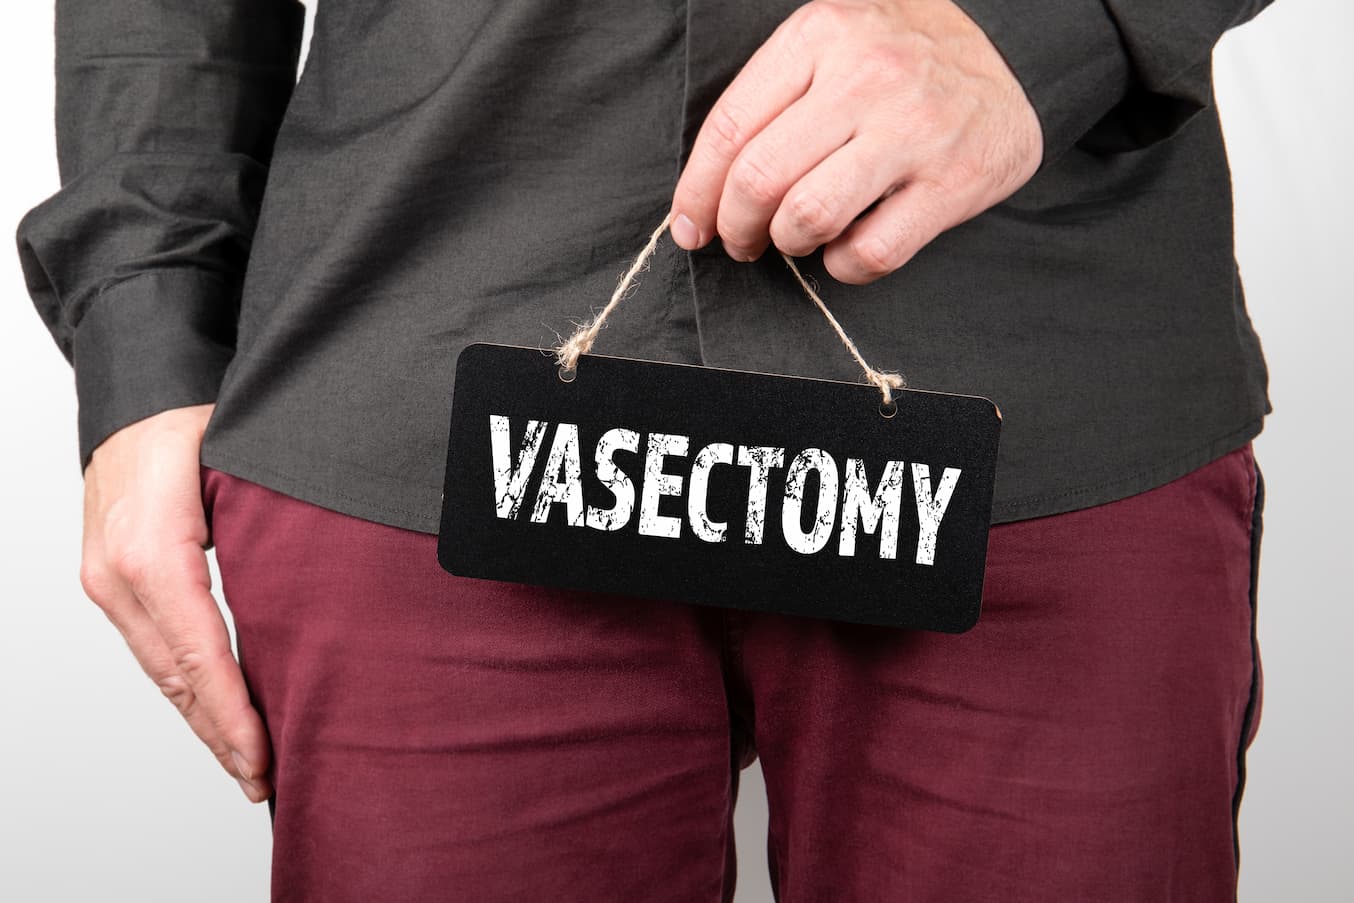 Vasectomy in turkiye
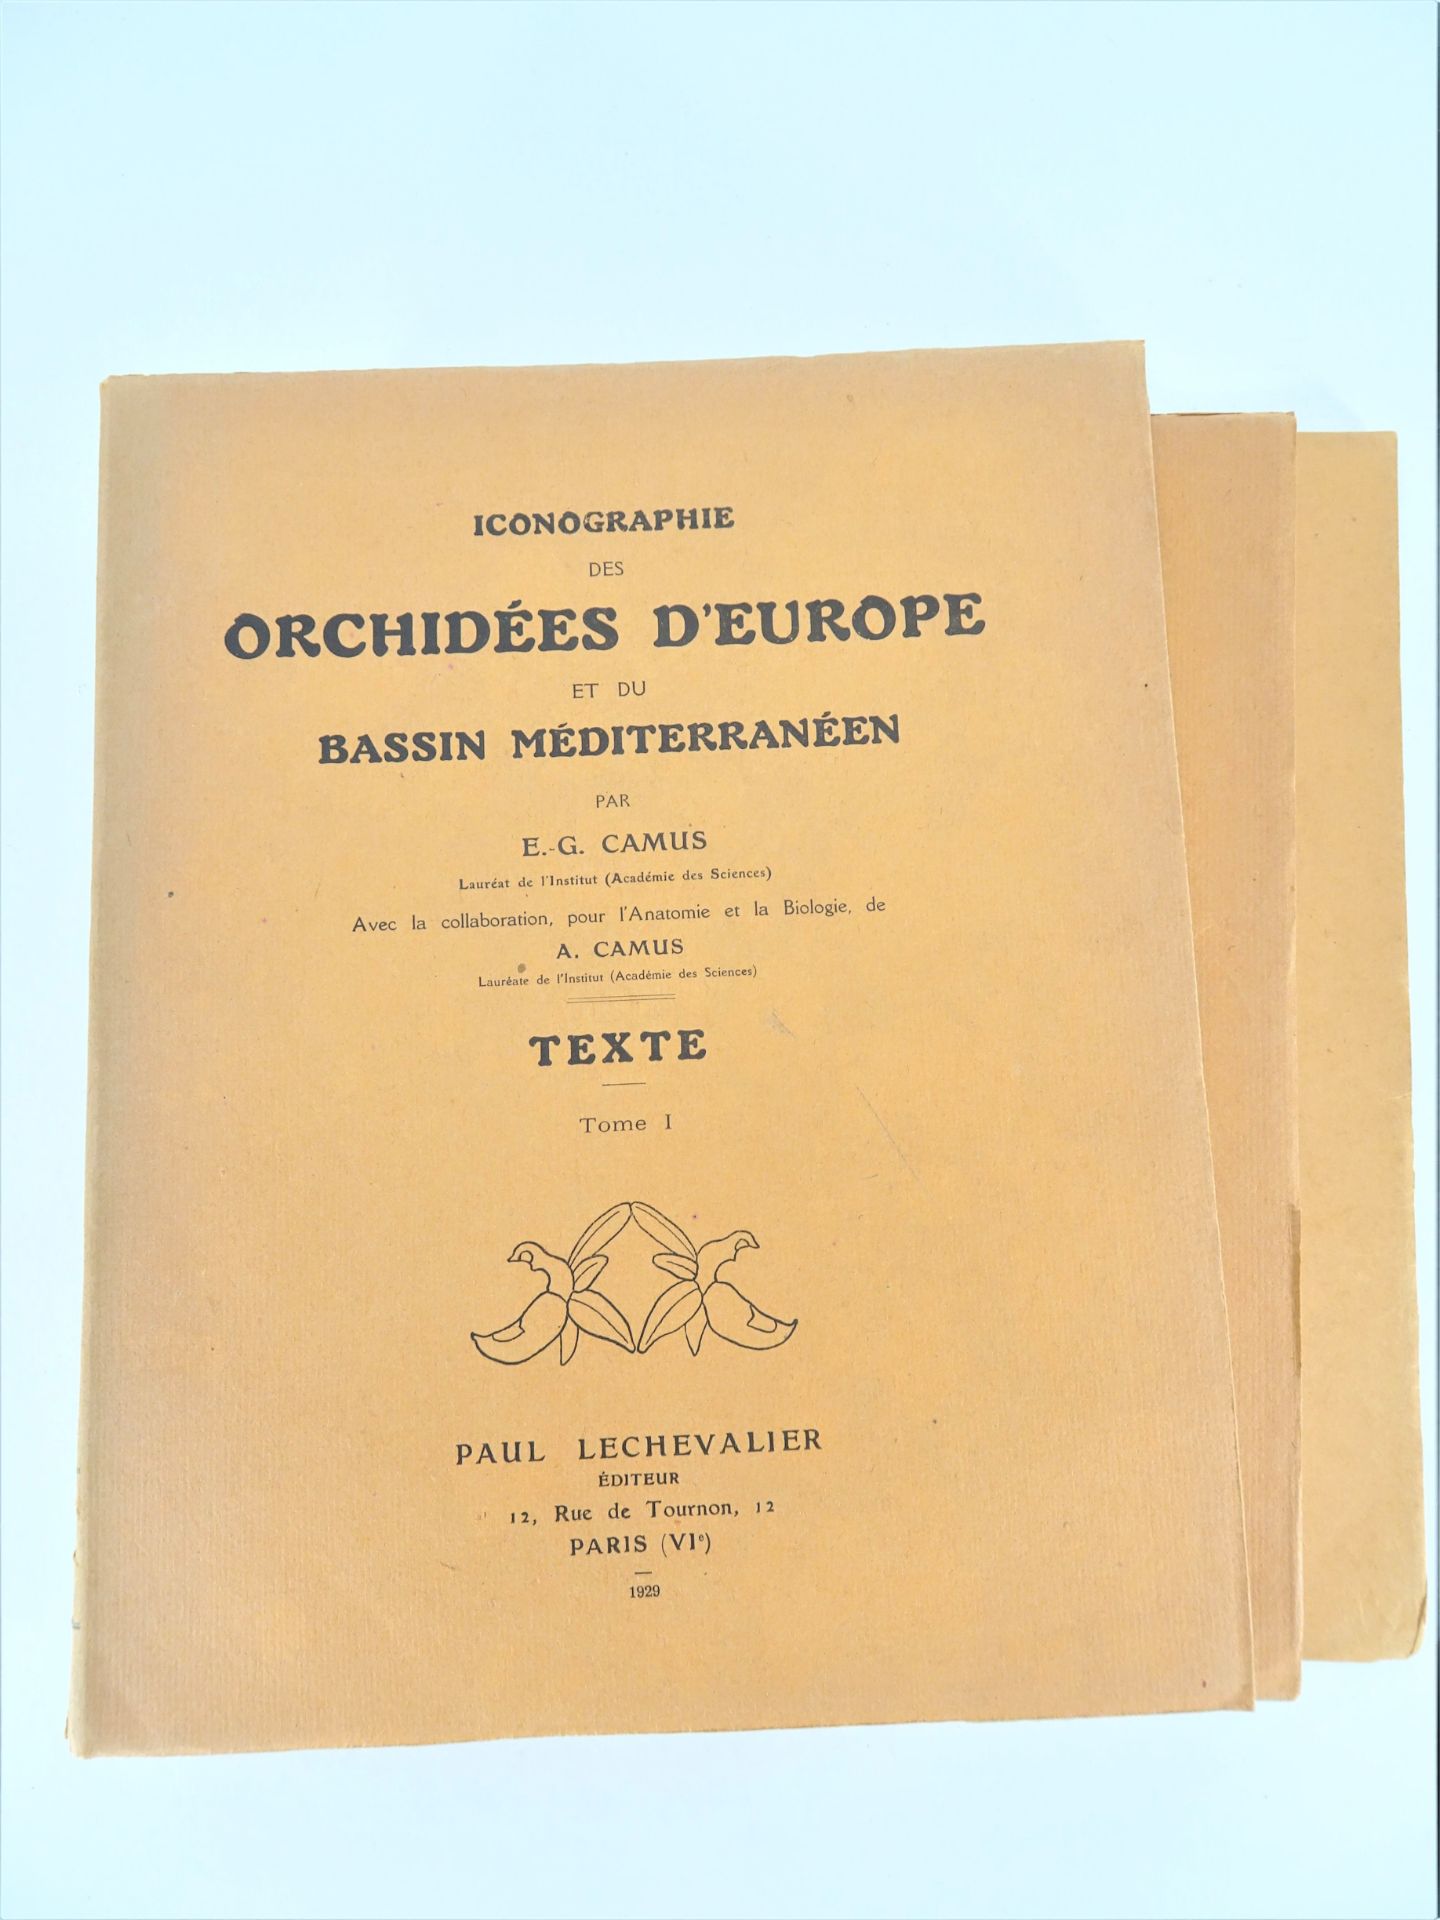 |Orchidaceae| E. G. Camus, "Iconographie des Orchidées d'Europe et du Bassin Méditerranéen",
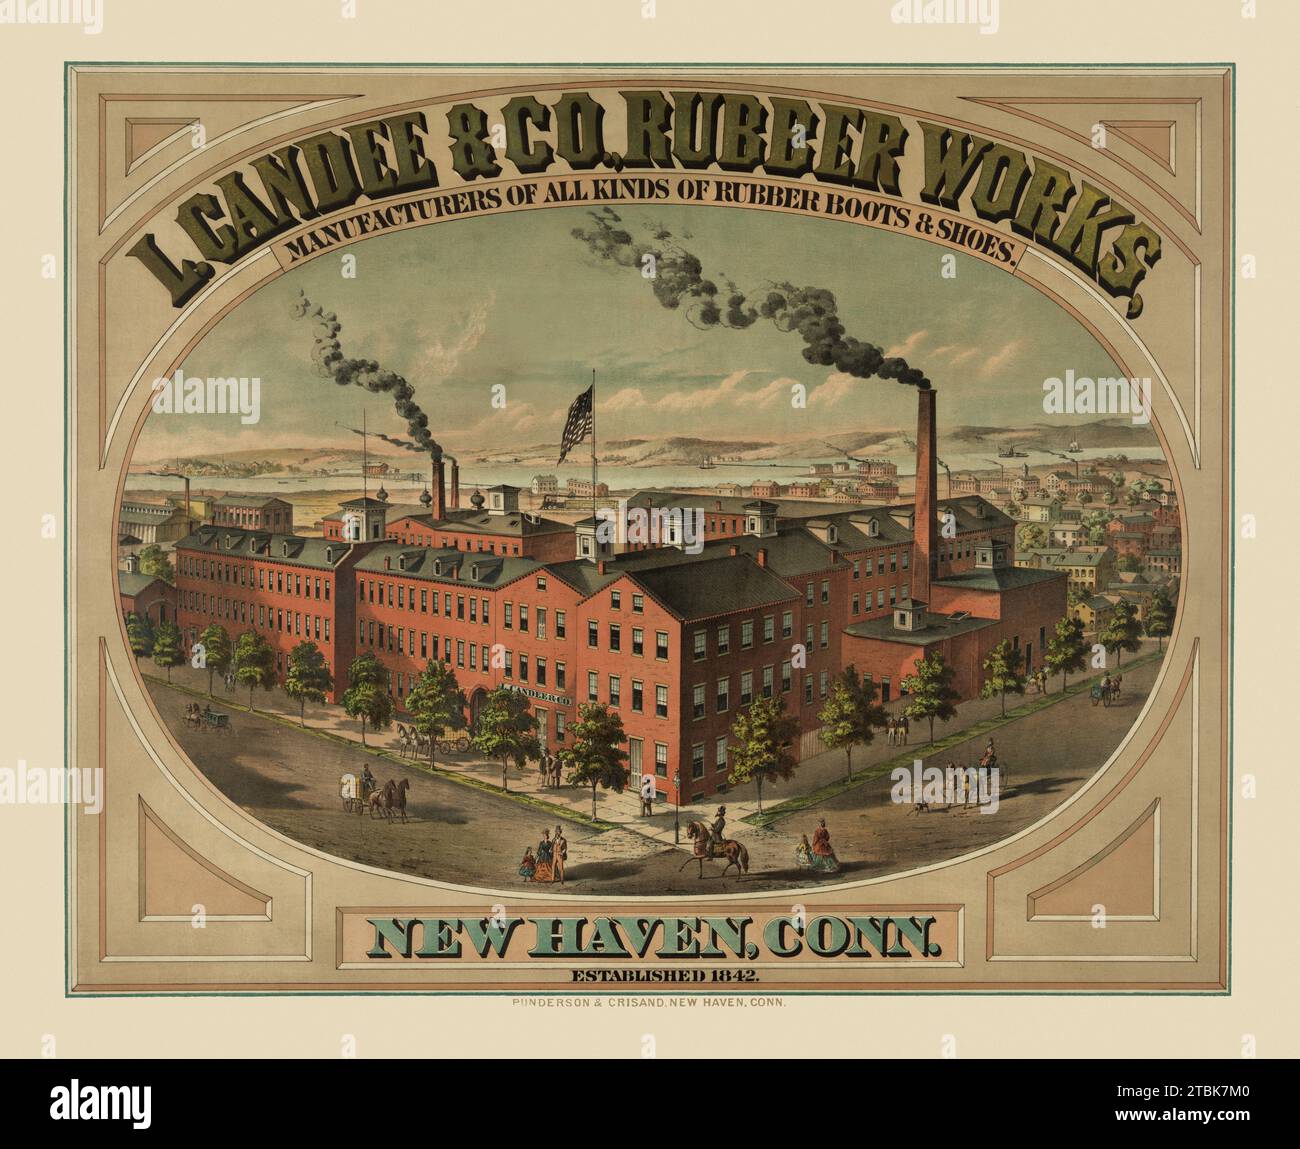 "L. Candee & Co., Rubber Works, produttori di tutti i tipi di stivali e calzature in gomma. New Haven, Conn. Fondata nel 1842" Foto Stock
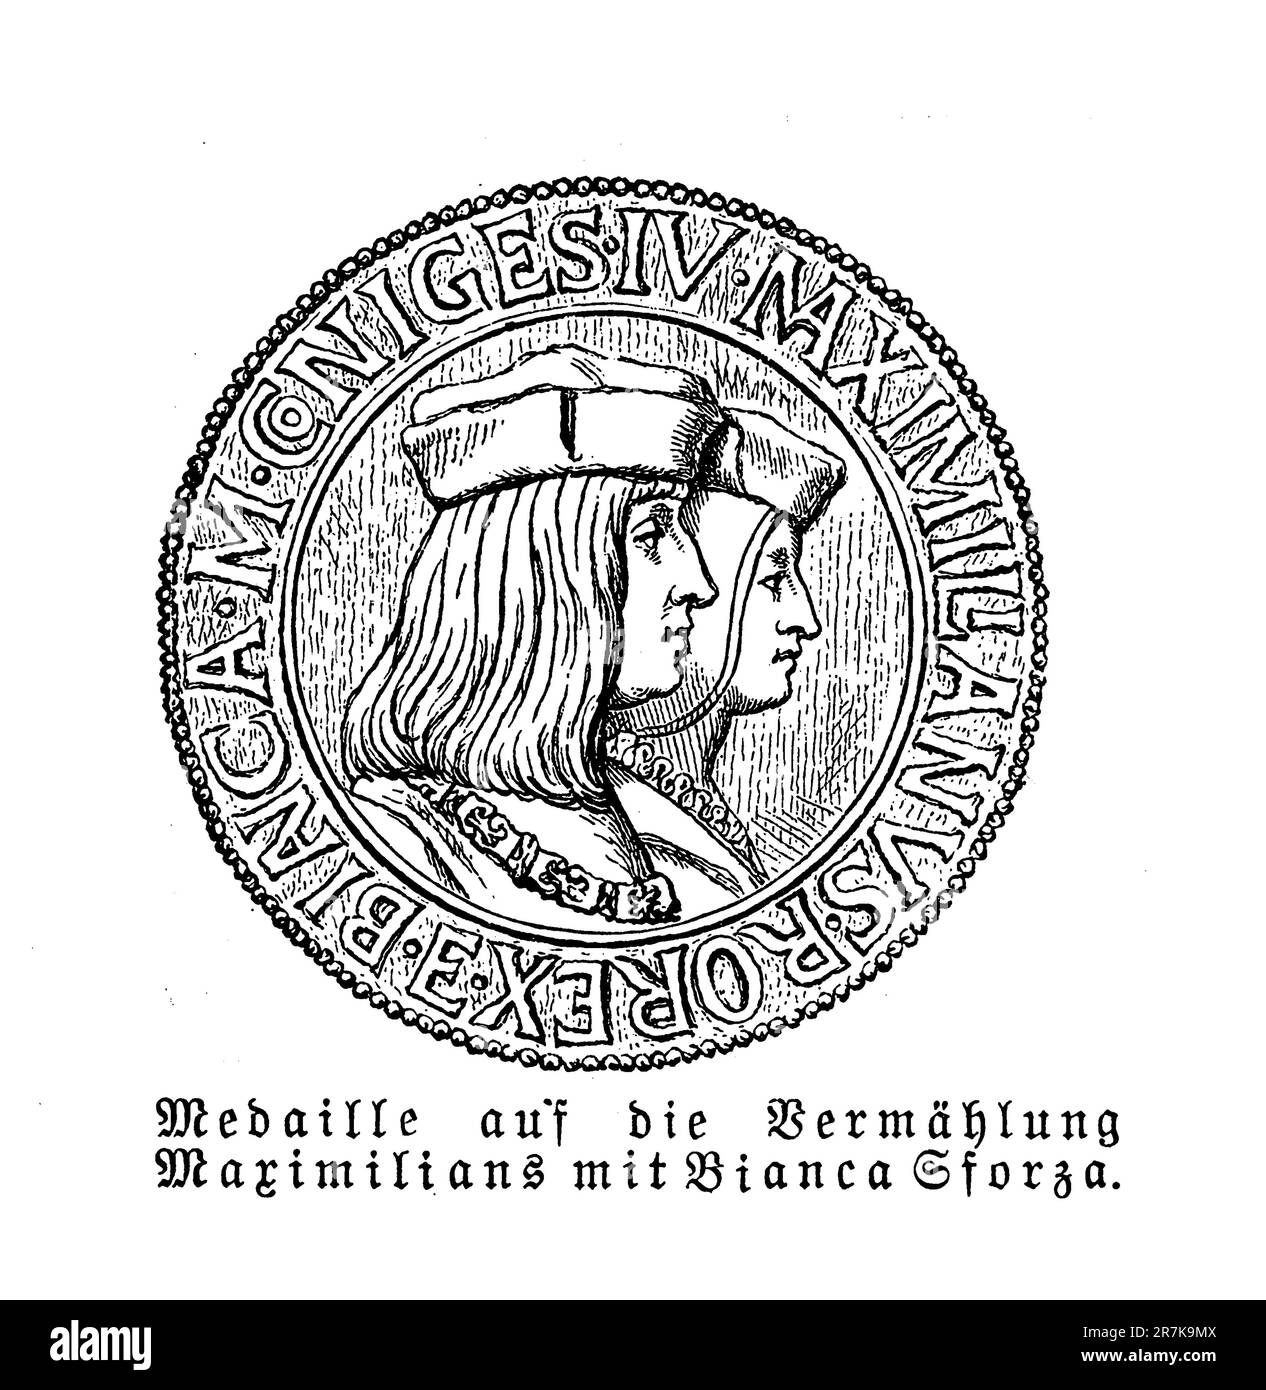 Medaille mit den Porträts von Maximilian I. Heiliger römischer Kaiser und seiner zweiten Frau Bianca Maria Sforza. Er erklärte sich zum Kaiser gewählt und brach die Tradition einer päpstlichen Krönung. Stockfoto

.....

TRY IT
Transcribe all data precisely. Pictures are not copied.

RESULT
 Vasectomy in turkiye
 |Orchidaceae| E. G. Camus, "Iconographie des Orchidées d'Europe et du Bassin Méditerranéen",
 "L. Candee & Co., Rubber Works, produttori di tutti i tipi di stivali e calzature in gomma. New Haven, Conn. Fondata nel 1842" Foto Stock
 Medaille mit den Porträts von Maximilian I. Heiliger römischer Kaiser und seiner zweiten Frau Bianca Maria Sforza. Er erklärte sich zum Kaiser gewählt und brach die Tradition einer päpstlichen Krönung. Stockfoto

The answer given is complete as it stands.